We were awarded a total of 128 hours of time on the Gemini 8-meter telescope on Mauna Kea in Hawai'i, in semesters 2004A and 2005A, to search for these objects with the NIRI near-infrared imager. In 2004A, poor weather prevented us from obtaining the data, although we verified that the custom-made narrow-band filter designed by J.-D. Smith is working extremely well and that it provides a low-background window to the distant universe. In 2005A, we will image the Hubble deep field to search for Lyman alpha emission at z=8.227.
At present, I am analyzing both deep ground-based images of compact narrow emission line galaxies (CNELGs) and WFPC2 images of compact galaxies at intermediate redshift to determine the intrinsic shapes of these luminous compact objects. We are exploring the possibility that a large fraction of them are actually spiral bulges in formation.
In addition, Liese van Zee and I are using the WIYN 3.6-meter telescope on Kitt Peak and the 1.8-meter Lennon Telescope (VATT) on Mt. Graham to image over 1000 square arcminutes of sky. With deep exposures and the typically excellent seeing of the WIYN telescope (frequently sub-half-arcsecond in I), we plan to use photometric redshifts and detailed morphological information to measure the rate of in situ late-type bulge formation as a function of redshift for 0.4 < z < 1. We have an upcoming Keck run to obtain spectra of luminous compact galaxies identified in the WIYN survey.
As part of a number of new collaborations coming out of the Cosmology Group at UC Irvine, James Bullock and I, along with graduate students Joel Berrier and Heather Guenther, are beginning a comprehensive study of the merger rate and galaxy interactions using cosmological simulations and data in the nearby and distant universe. This work will build on my previous studies of galaxy pairs and galaxy interactions in the local universe.

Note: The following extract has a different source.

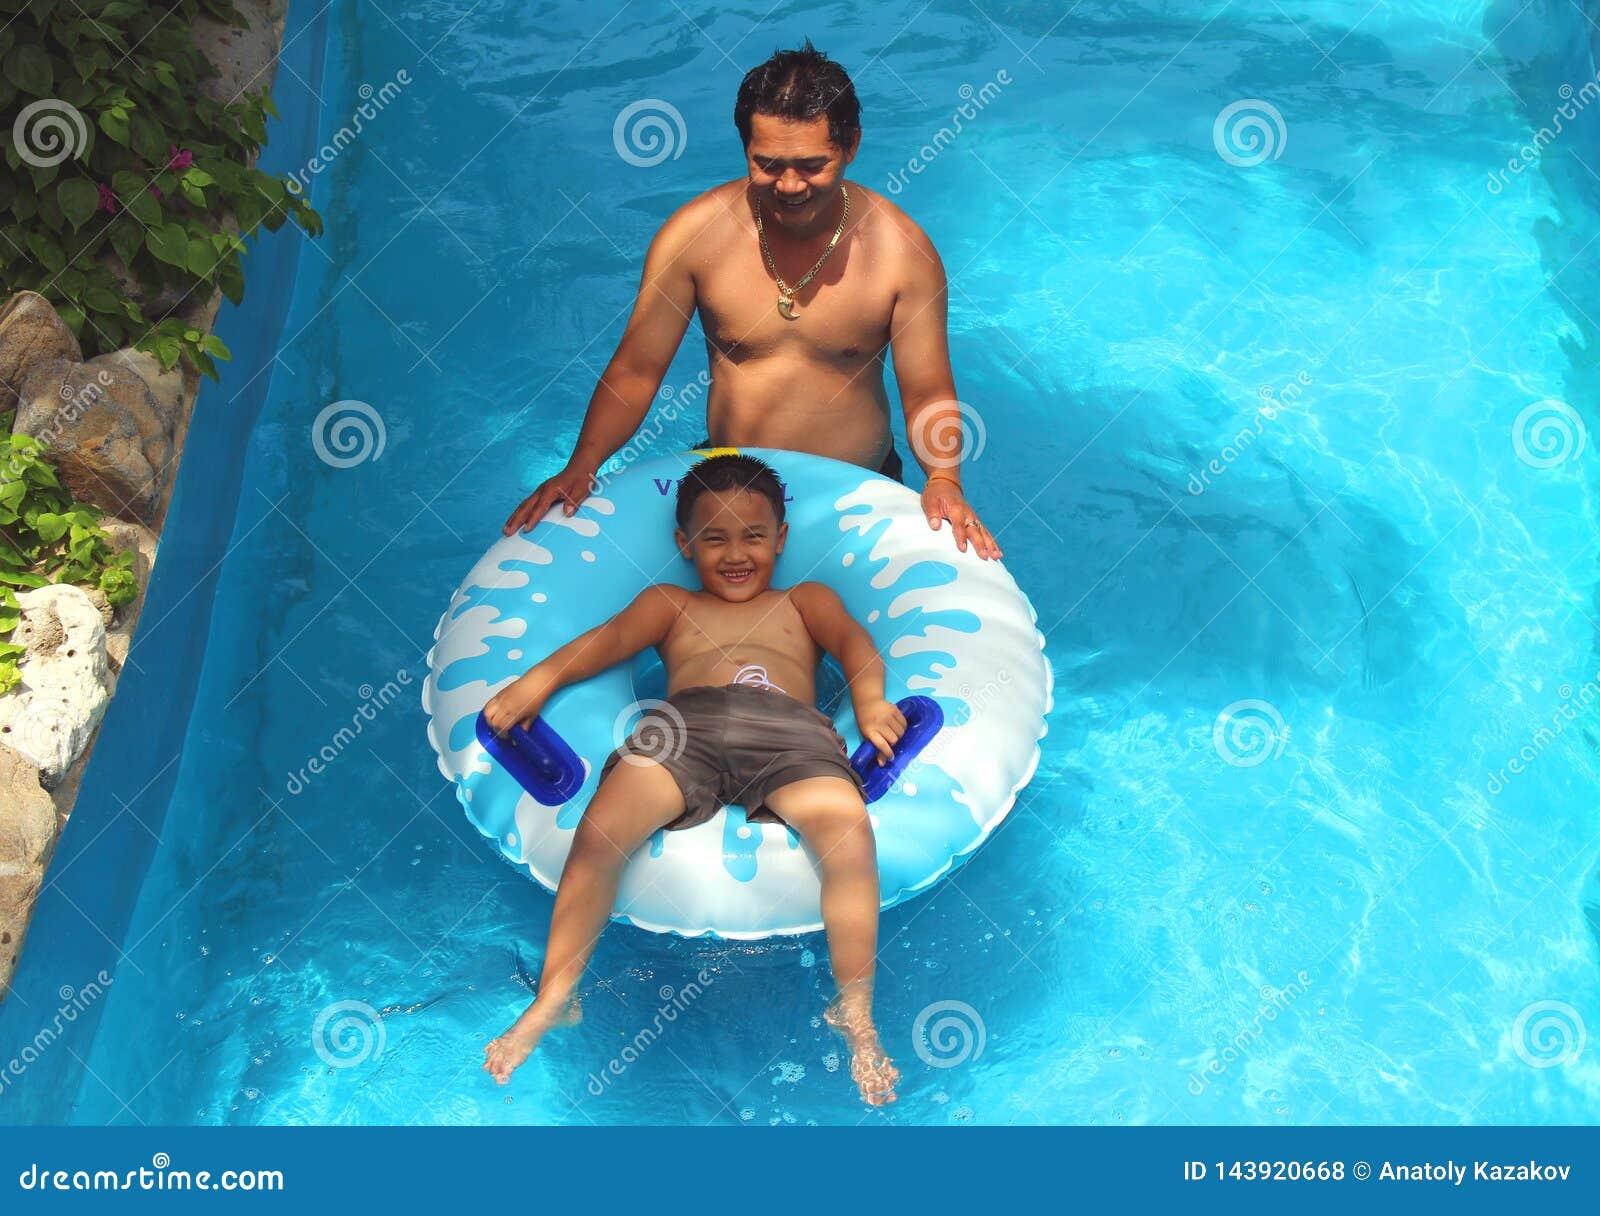 Мальчик плавает на раздувной тюфяк
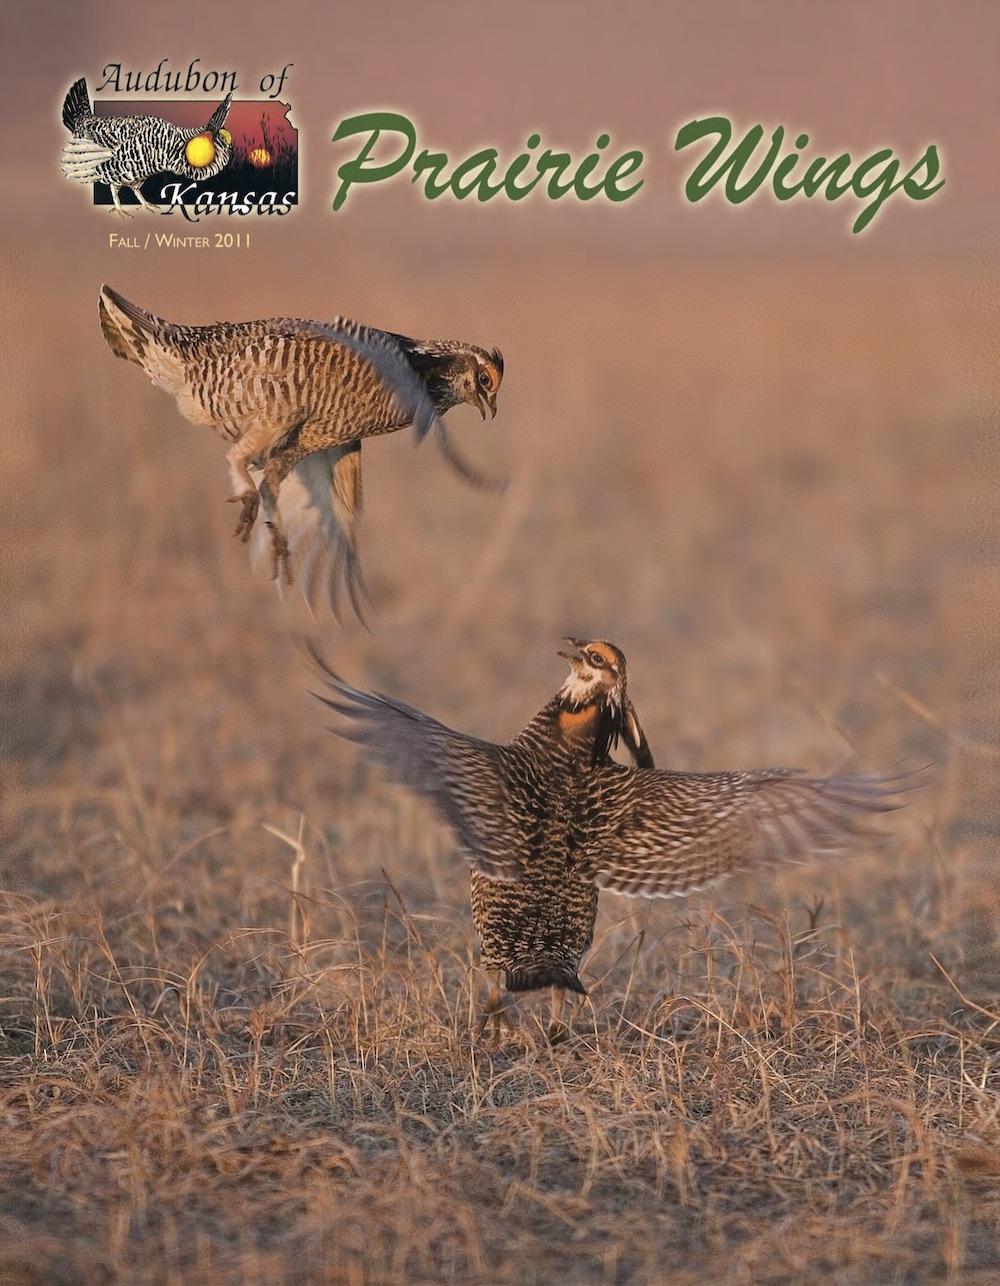 Prairie Wings 2011 cover.jpg

In an ApJ article, Tidally-Triggered Star Formation in Close Pairs of Galaxies, Margaret Geller, Scott Kenyon, and I explore the match between star formation timescales and dynamical timescales in 502 galaxies in pairs. We have verified the correlations between the star-forming properties of interacting galaxies and their observable orbital parameters with an additional 200 paired galaxies; a subsequent independent study by Lambas et al. of the 2dF survey pairs reveals the same trends.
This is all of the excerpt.